I want to go forward with my actions as a reflection of Jesus’ truth; I want to speak out for peaceful change, to get involved in a way that Christ would want me to.  Is protesting a part of this? If we look back at the Civil Rights movement of the 1960s, not a single person would say that what they were doing was not right; not a single person can look at those protesters and call their actions anything but heroic.  I have always looked back on them with inspiration, and until now I have assumed that, if I lived at that time, I would have joined them – the side of the just and righteous.  Recently I have not been so sure; my natural tendency is toward inaction, toward comfort and safety and the status quo.  It is easy to look back at history to make yourself feel good; it is hard to realize that we are living in a fishbowl, that we do not always recognize the cultural waters we swim in, and that “legal” does not always mean “right.”

I am praying that God would challenge that tendency in me in every way, that he would urge me on toward the right thing, not the comfortable thing.  I am praying that I will not act out of fear or stability but out of justice and peace and love.  I am praying that things will change, and that I will not look back with regret that I did not help change them.  I am praying that my heart will change, too, and every ounce that is not God’s would be eradicated.  This week I reached a breaking point, and standing with hundreds of students in solidarity was necessary.

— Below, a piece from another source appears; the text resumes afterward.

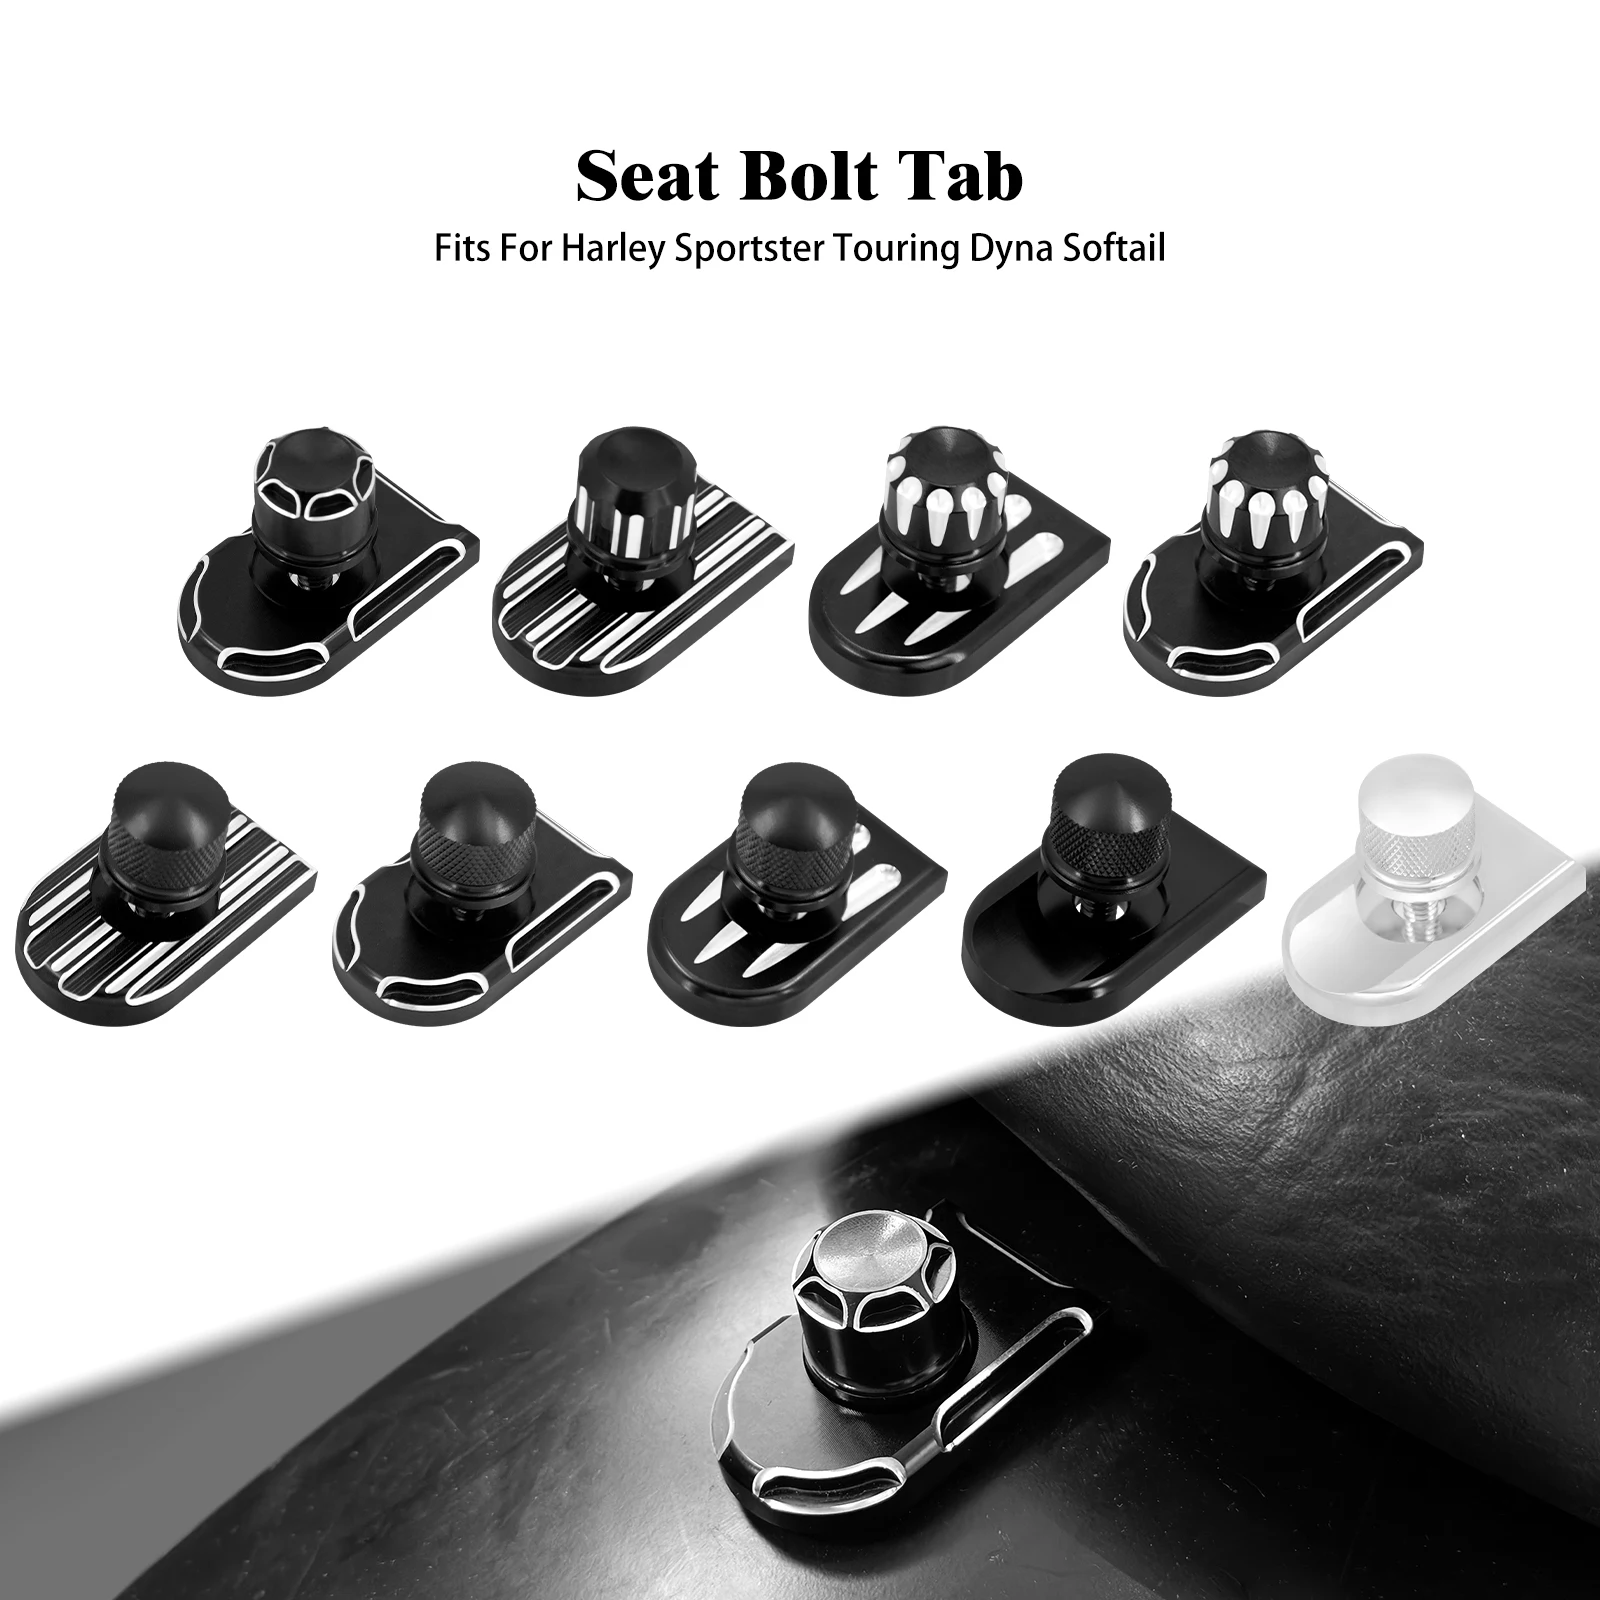 

Universal Motorcycle Rear Fender Seat Bolt Screw Nut Tab Kit Mount Knob Cover Set For Harley Softail Touring Sportster XL Dyna

The gospel is not easy, safe, or comfortable; the gospel does not allow the status quo or stem from the culture of the time.  The gospel is living and active.  The gospel makes us uncomfortable and does not allow us to stay where we want to stay.

Throughout history some of the greatest civil rights movements have been helmed by Christians, just as the greatest opposition has come from those who claim the faith but are more comfortable with the status quo.  It has always been difficult, and there have always been those who vocally and violently fight to keep things exactly the way that they are.

Things are not okay exactly the way that they are.

Lives are being lost in injustice.  The world is deeply, painfully broken; we need to see this pain.  As Christians, especially, we cannot look at this world as somewhere we’re escaping from, cloistering ourselves off until Jesus returns.  This world is our home. Christ came for every broken individual living inside it, and he came to heal and restore it.  As N.T. Wright and many others have pointed out, it’s right in the Lord’s Prayer: “Our Father, who art in heaven, hallowed be thy name.  Thy kingdom come, thy will be done, on earth as it is in heaven.”  In Jeremiah, God’s first command to the exiles is to get involved:

This is what the Lord Almighty, the God of Israel, says to all those I carried into exile from Jerusalem to Babylon: “Build houses and settle down; plant gardens and eat what they produce… Increase in number there; do not decrease. Also, seek the peace and prosperity of the city to which I have carried you into exile. Pray to the Lord for it, because if it prospers, you too will prosper.”  Jeremiah 29:4-7

We are not called to evacuate, we are called to change things; we are called to enter in, just as Christ did, to the brokenness and the horror of it all, to come alongside people, to pray for our city.  Empathy is an act of entering into someone else’s pain and shouldering it; who has done this more than our God?

Don’t mistake my language, please: I’m not saying that we should be playing savior.  It’s an imperfect metaphor.  We are not God, and we cannot save anyone – only Jesus can save, and only he can bring true salvation and healing.  All we can do is come alongside our brothers and our sisters and live with them, fight with them, love with them, mourn with them.  Our response should not be contradiction, but compassion.  It’s not easy to empathize – to share -another’s pain – but it’s necessary.  The language of solidarity reflects this (“todos somos Ayotzinapa” – we are all Ayotzinapa).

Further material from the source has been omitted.